The 21st Century Cures Act mandates that patients have immediate electronic access to test results, medication lists, and clinical notes. It has its pros and cons too. The disadvantage could be the immediate release of health information to the patient portal presents the opportunity for patients to view the information before their clinicians, which can lead to misinterpretation. The researchers found that the implementation of Cures Act requirements led to a significant increase in the number of patients who viewed test results before their clinicians.
Digitalization of patient records is becoming an essential technology for the healthcare industry. To conclude, EHR represents the core of future medicine and enables efficient data collection and processing. With paper records rapidly becoming obsolete, regulating and managing EHR systems to serve the interest of the patient should be a priority for any healthcare organization.

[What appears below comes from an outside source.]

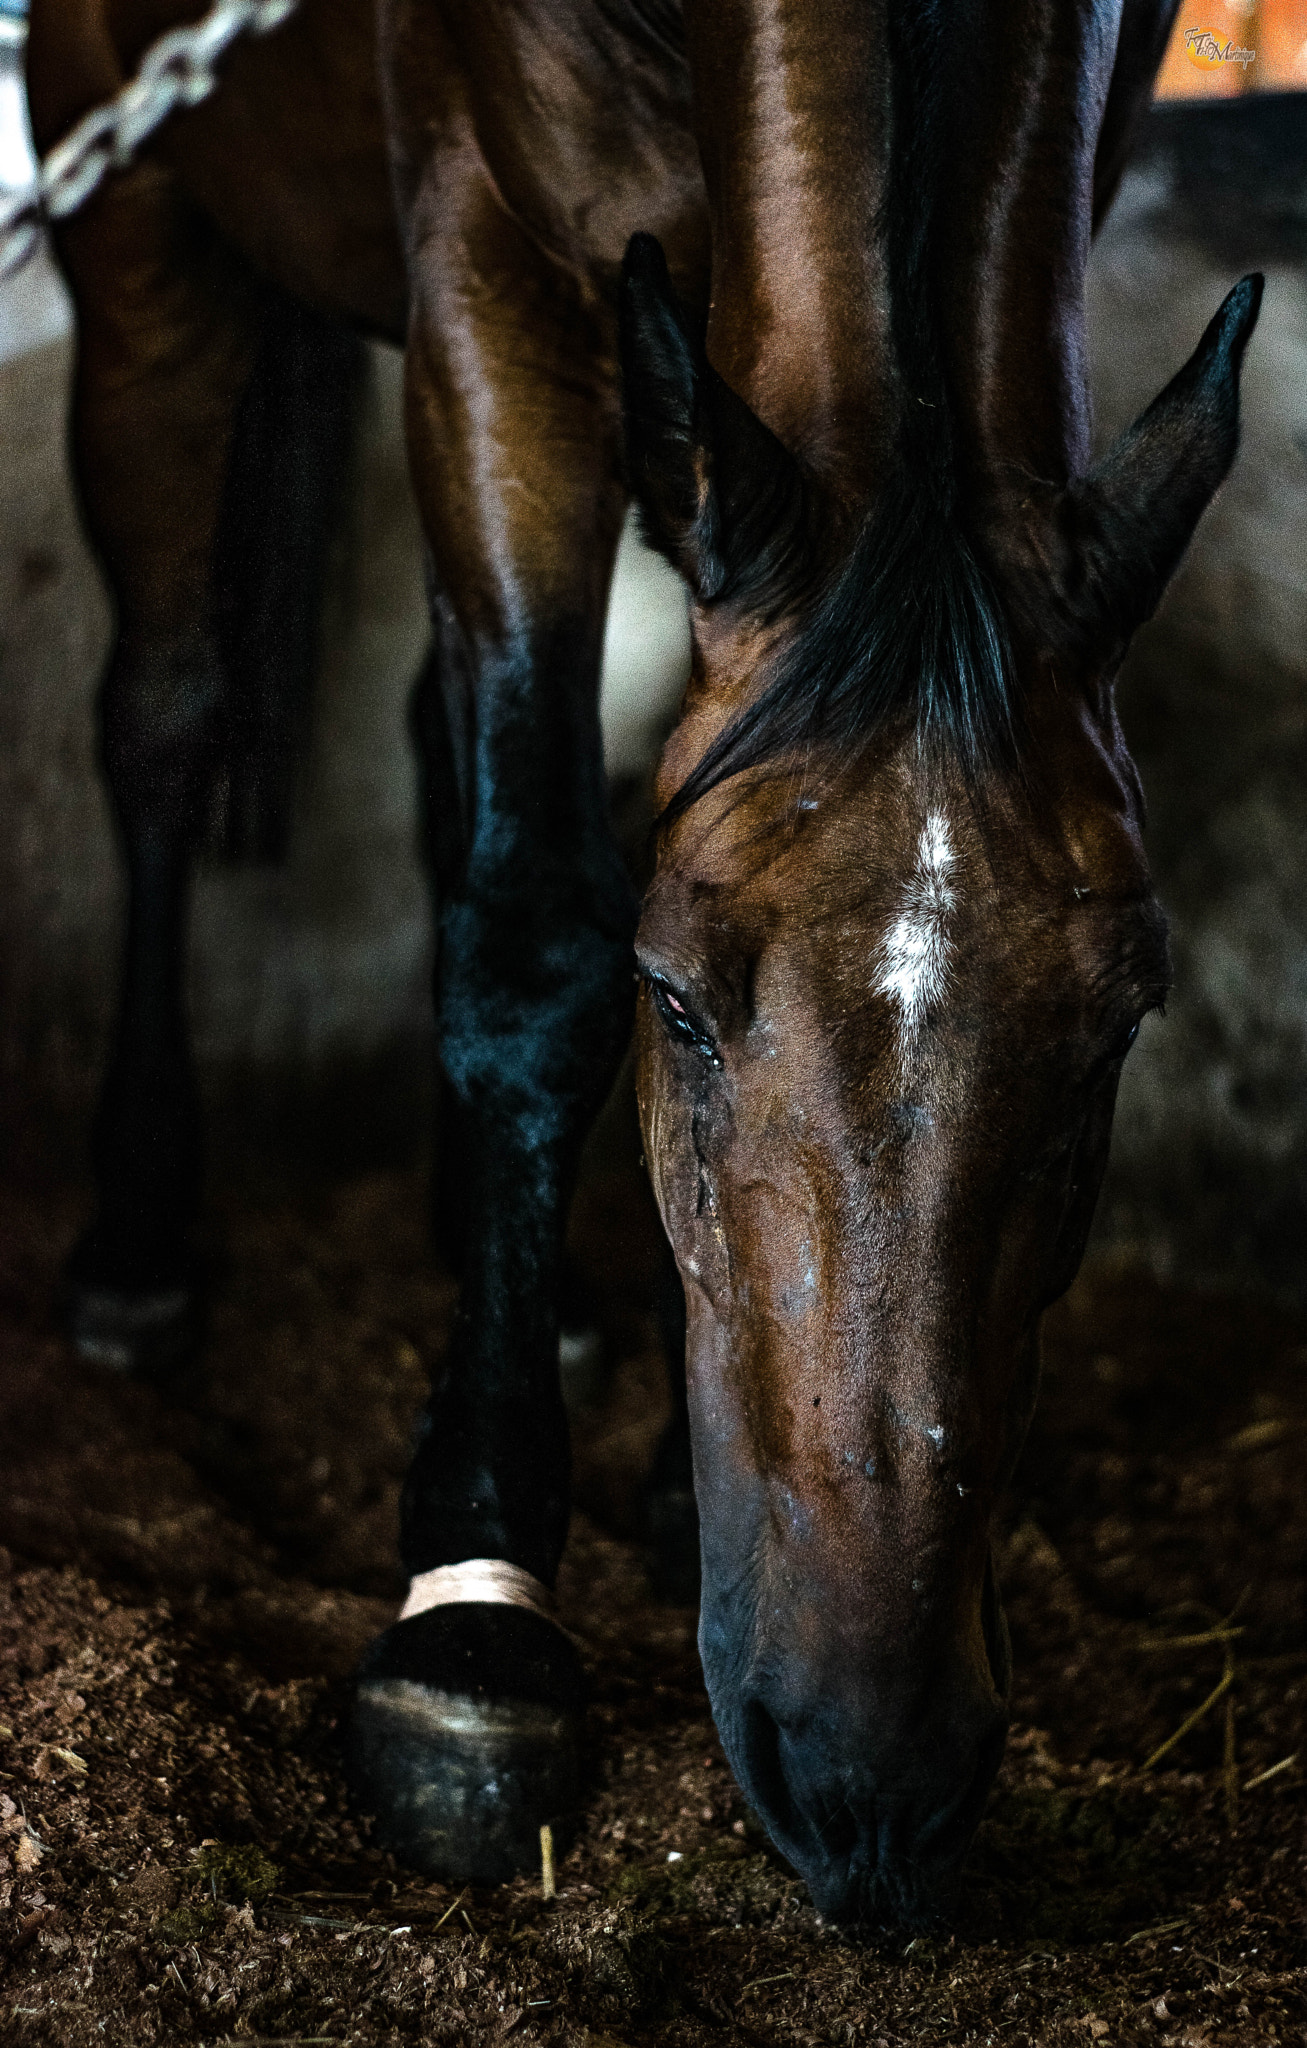 Nikon D5300 + AF-S DX VR Zoom-Nikkor 18-55mm f/3.5-5.6G + 2.8x sample photo. Chevaux photography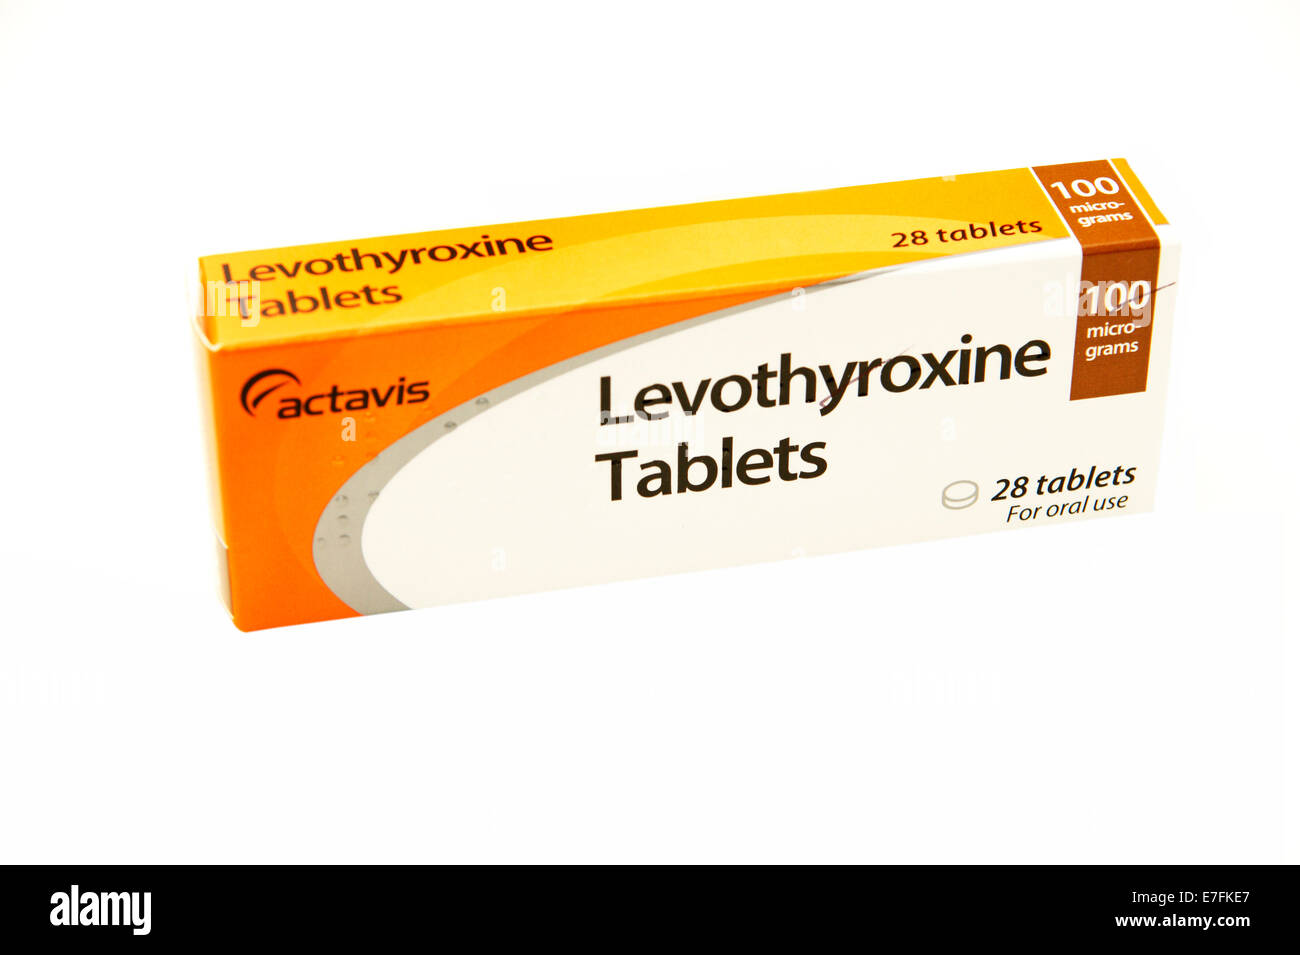 Levothyroxine tablets a replacement for a hormone normally produced by your thyroid gland to regulate the body's energy and meta Stock Photo

Although the use of EHRs is recommended to improve the quality of healthcare by making healthcare data accessible and available at the point of need, several barriers may influence the successful implementation of such a system. Therefore, it is necessary to identify and eliminate these barriers before designing and implementing systems.
The combination of EHR data and machine-learning tools may soon make personalized and evidence-based medicine a meaningful reality. They are not only going to be a boon for patients seeking treatment but also for all the major partners for healthcare, including Government, the insurance sector, and healthcare providers.